What you should give back is a precise copy of the lines below from the one containing "versace home tapete" through the one containing "Avtech Videoregistratore NVR", with no pictures.

* Provided data:
======

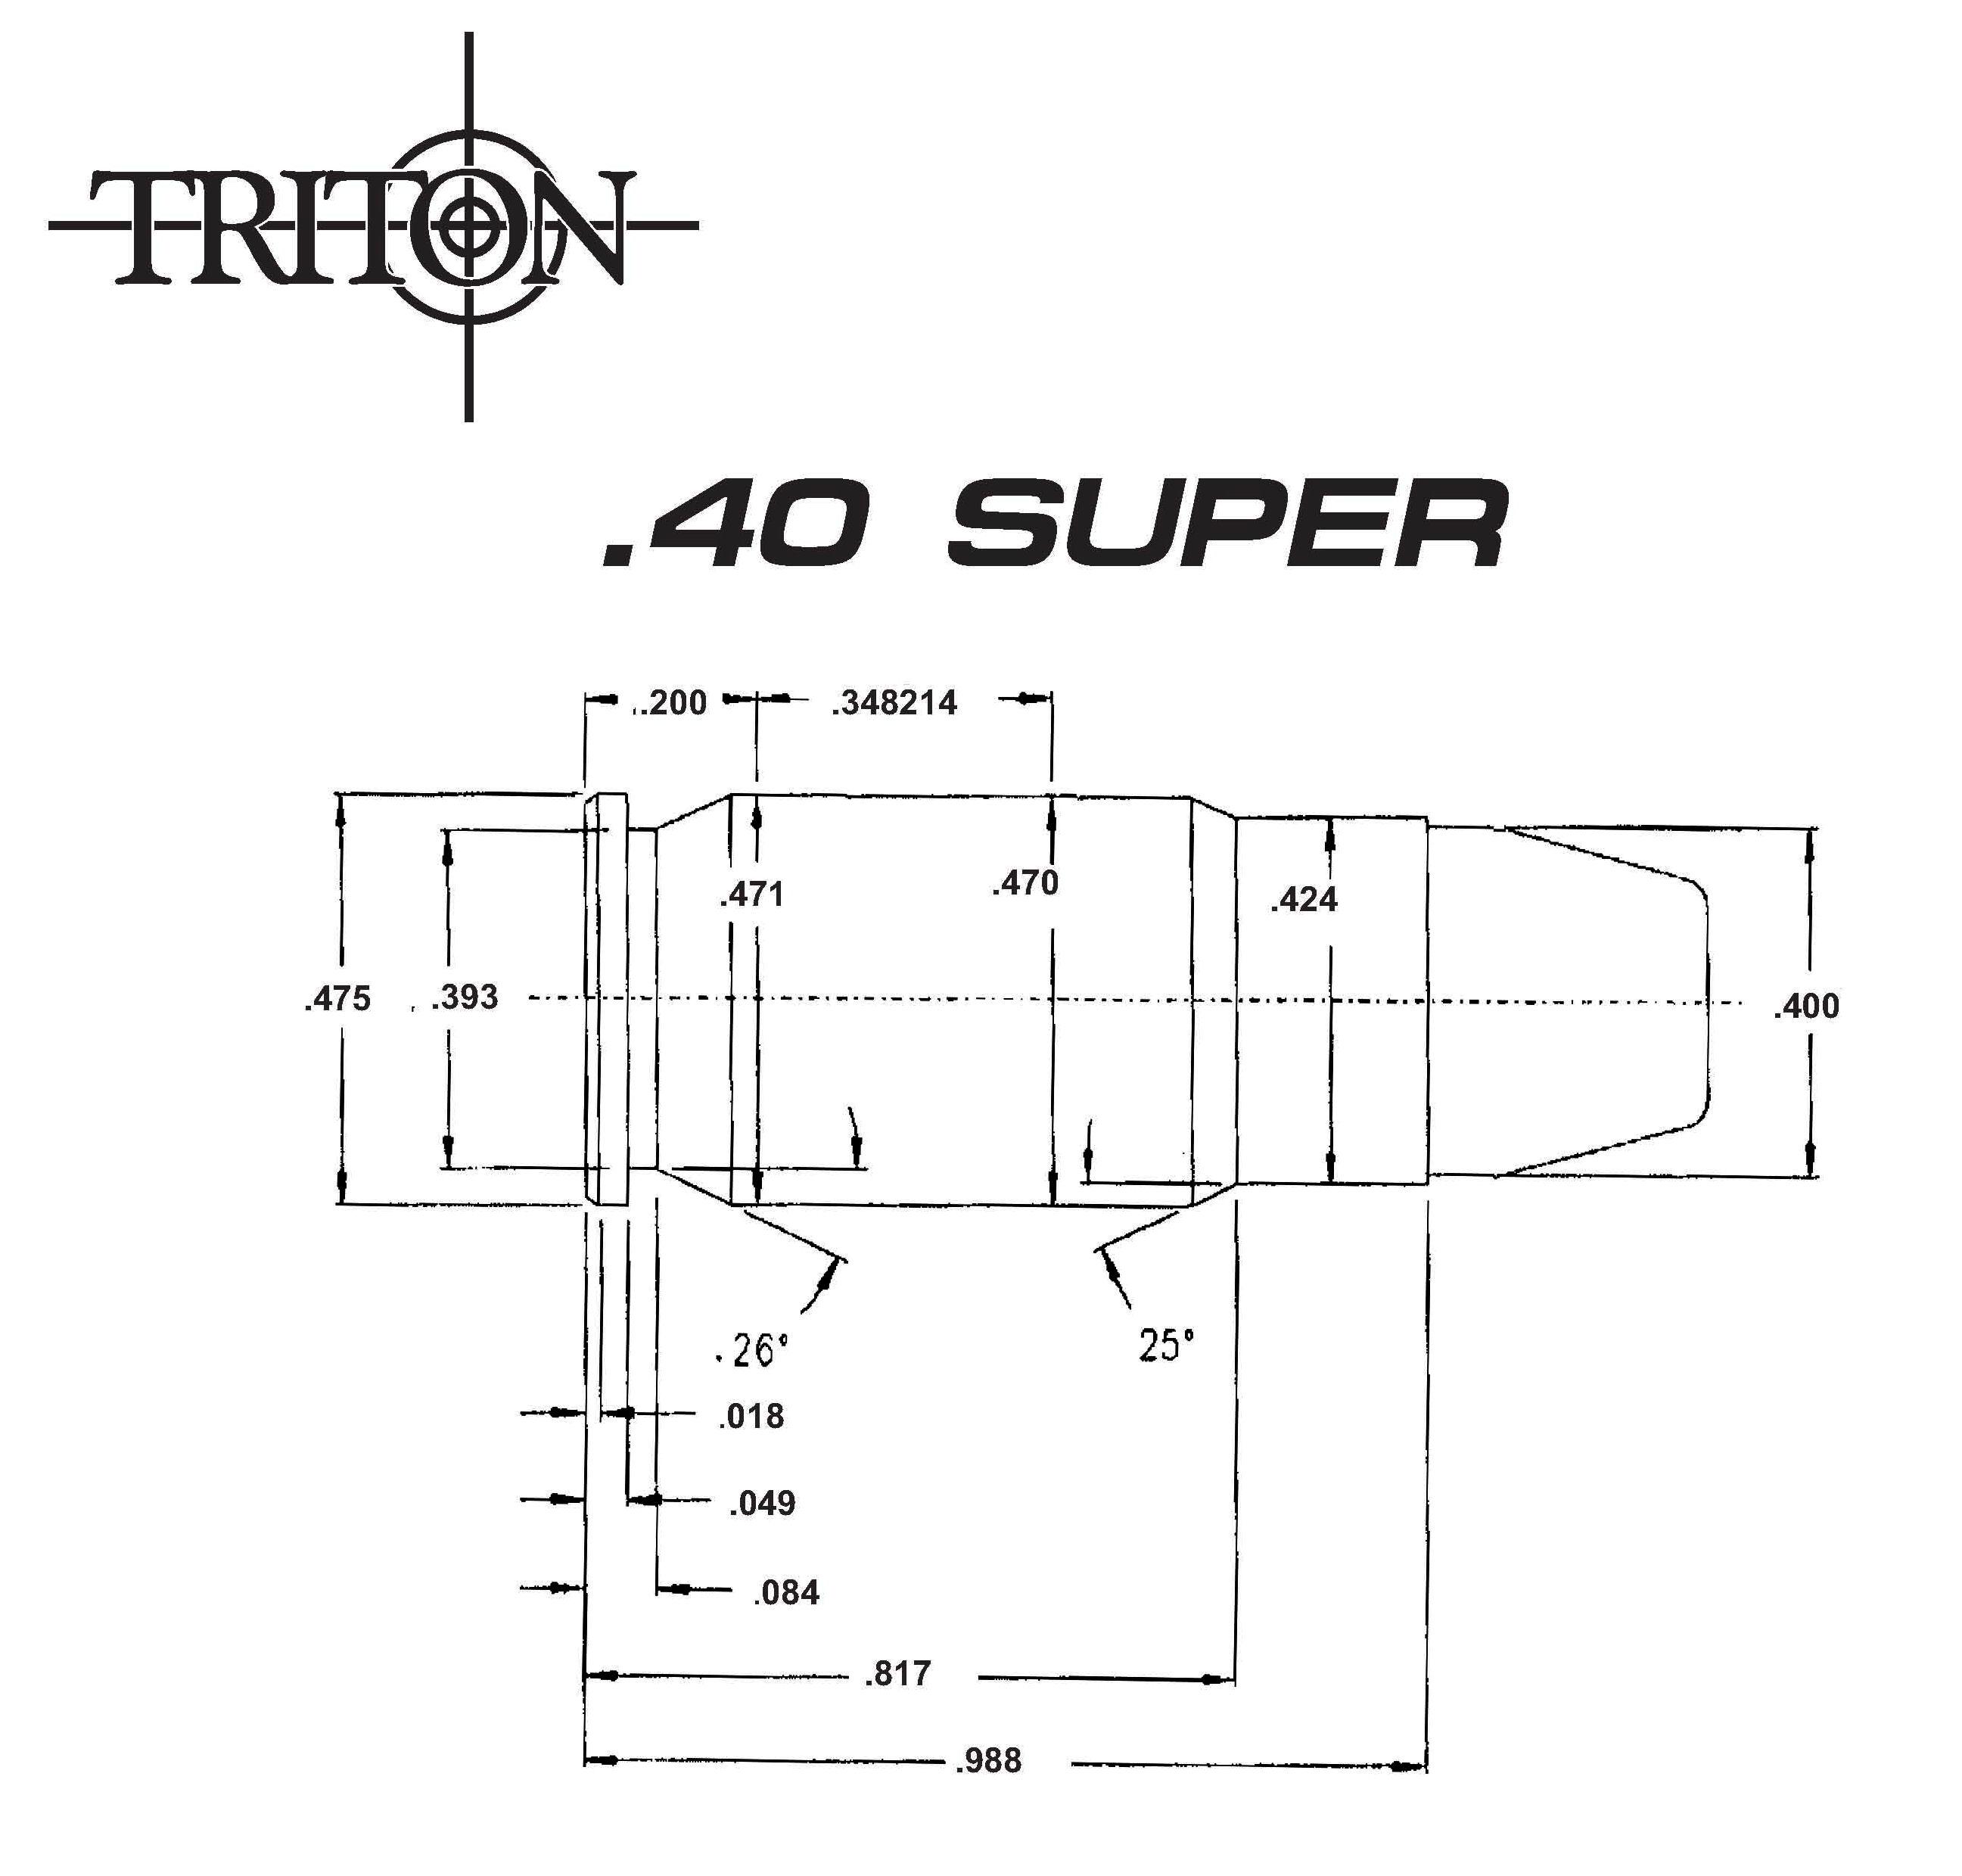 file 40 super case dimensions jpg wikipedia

======

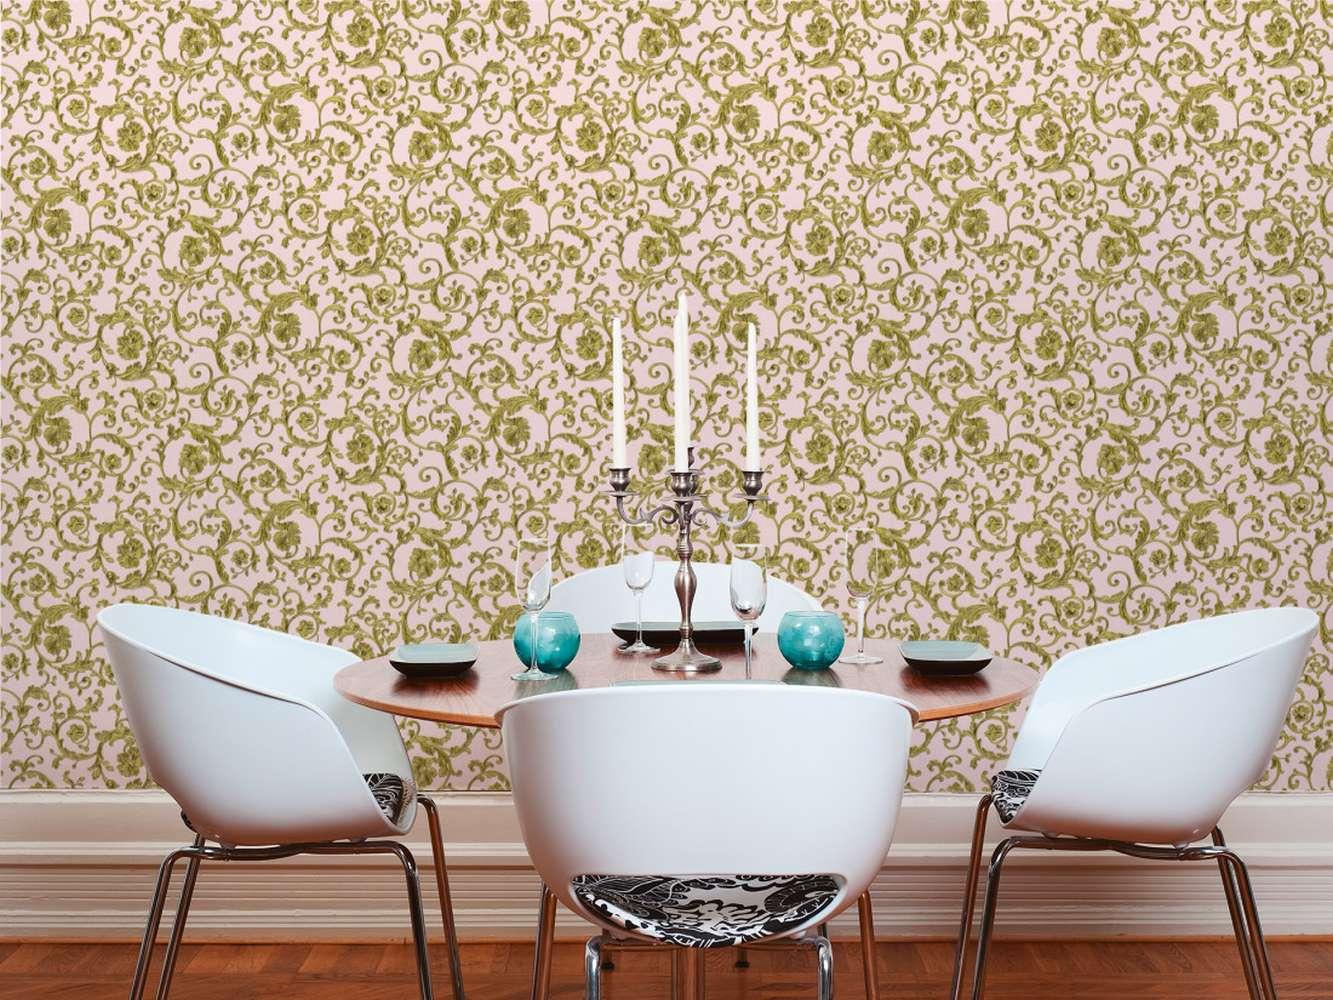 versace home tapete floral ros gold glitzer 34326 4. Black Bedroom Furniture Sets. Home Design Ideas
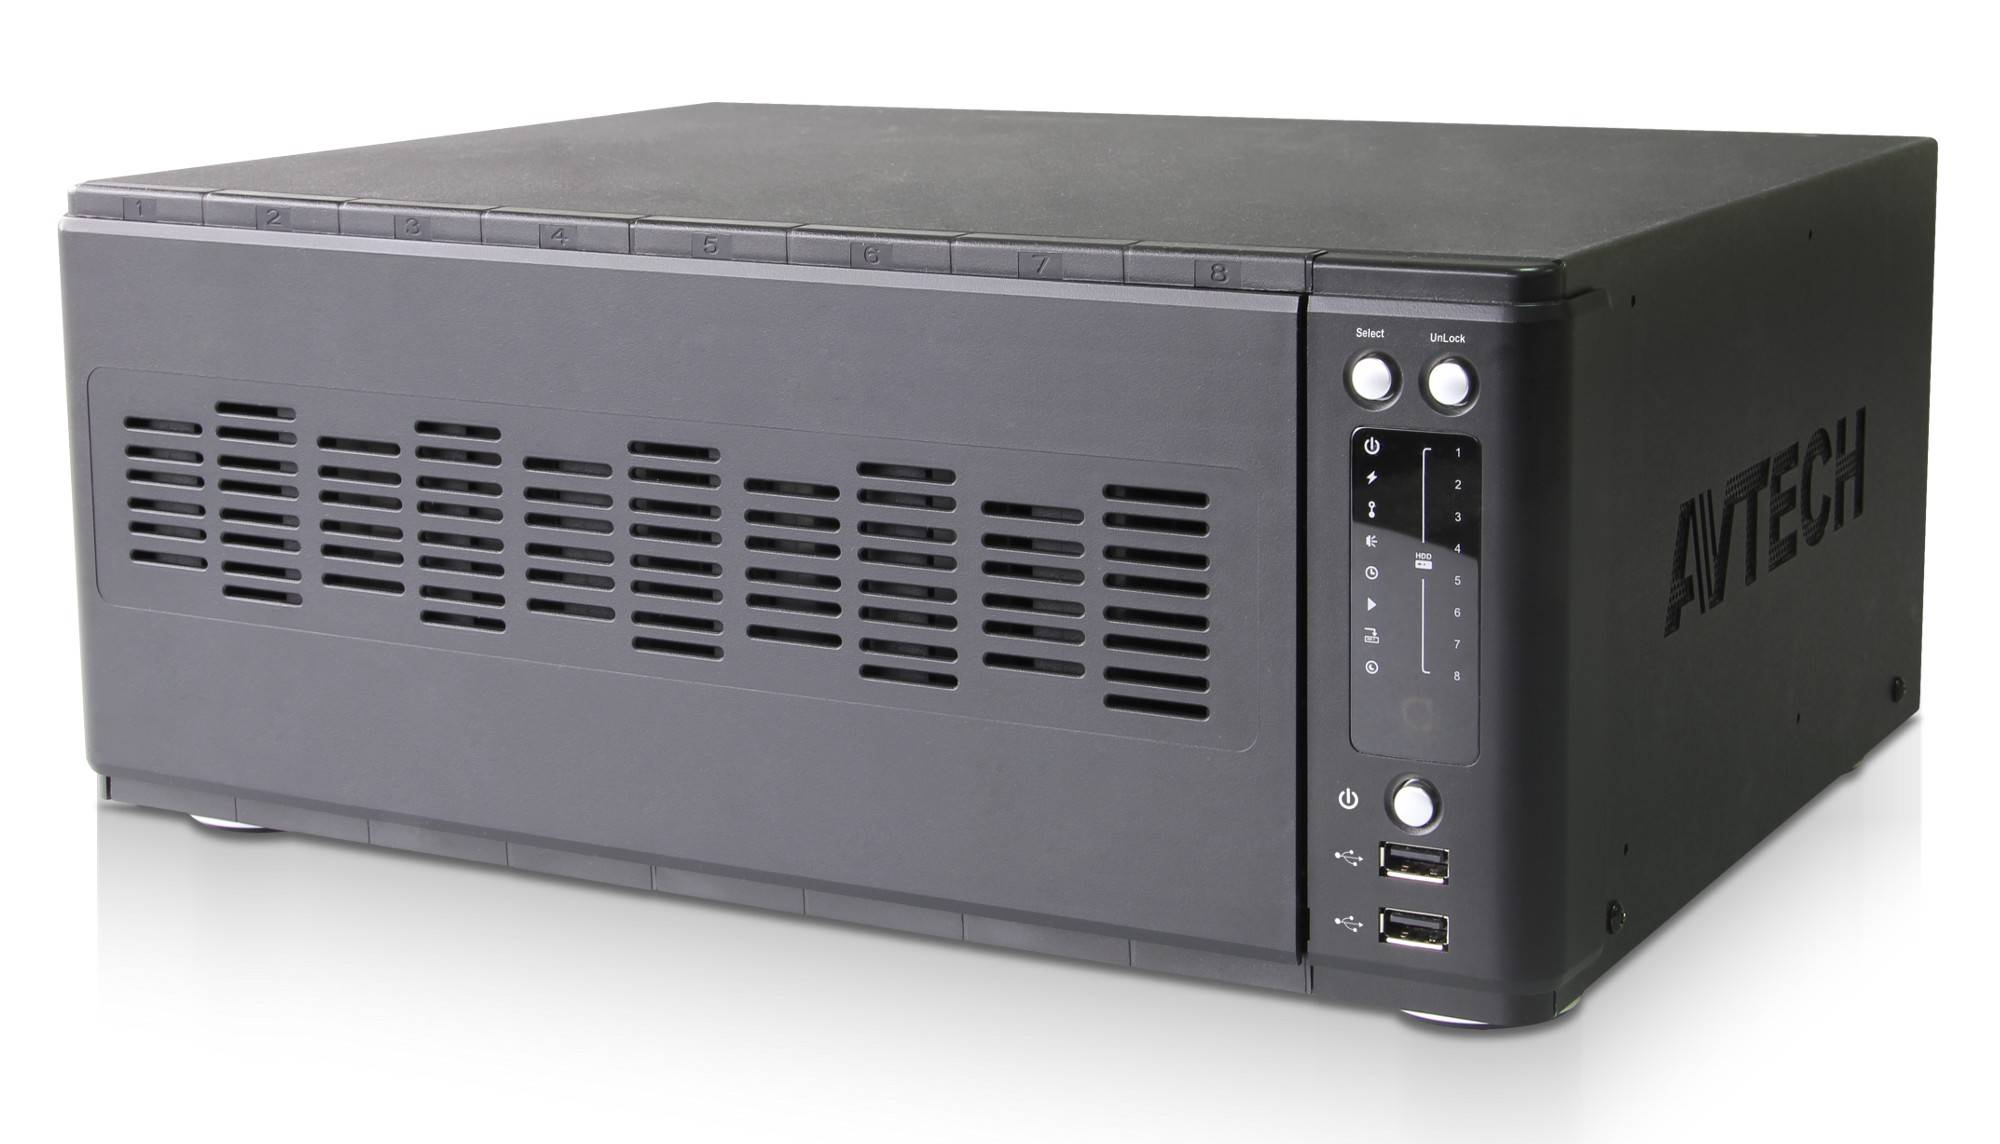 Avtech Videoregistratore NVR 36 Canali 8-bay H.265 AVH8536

======

* Output for this task:
 versace home tapete floral ros gold glitzer 34326 4. Black Bedroom Furniture Sets. Home Design Ideas
 Avtech Videoregistratore NVR 36 Canali 8-bay H.265 AVH8536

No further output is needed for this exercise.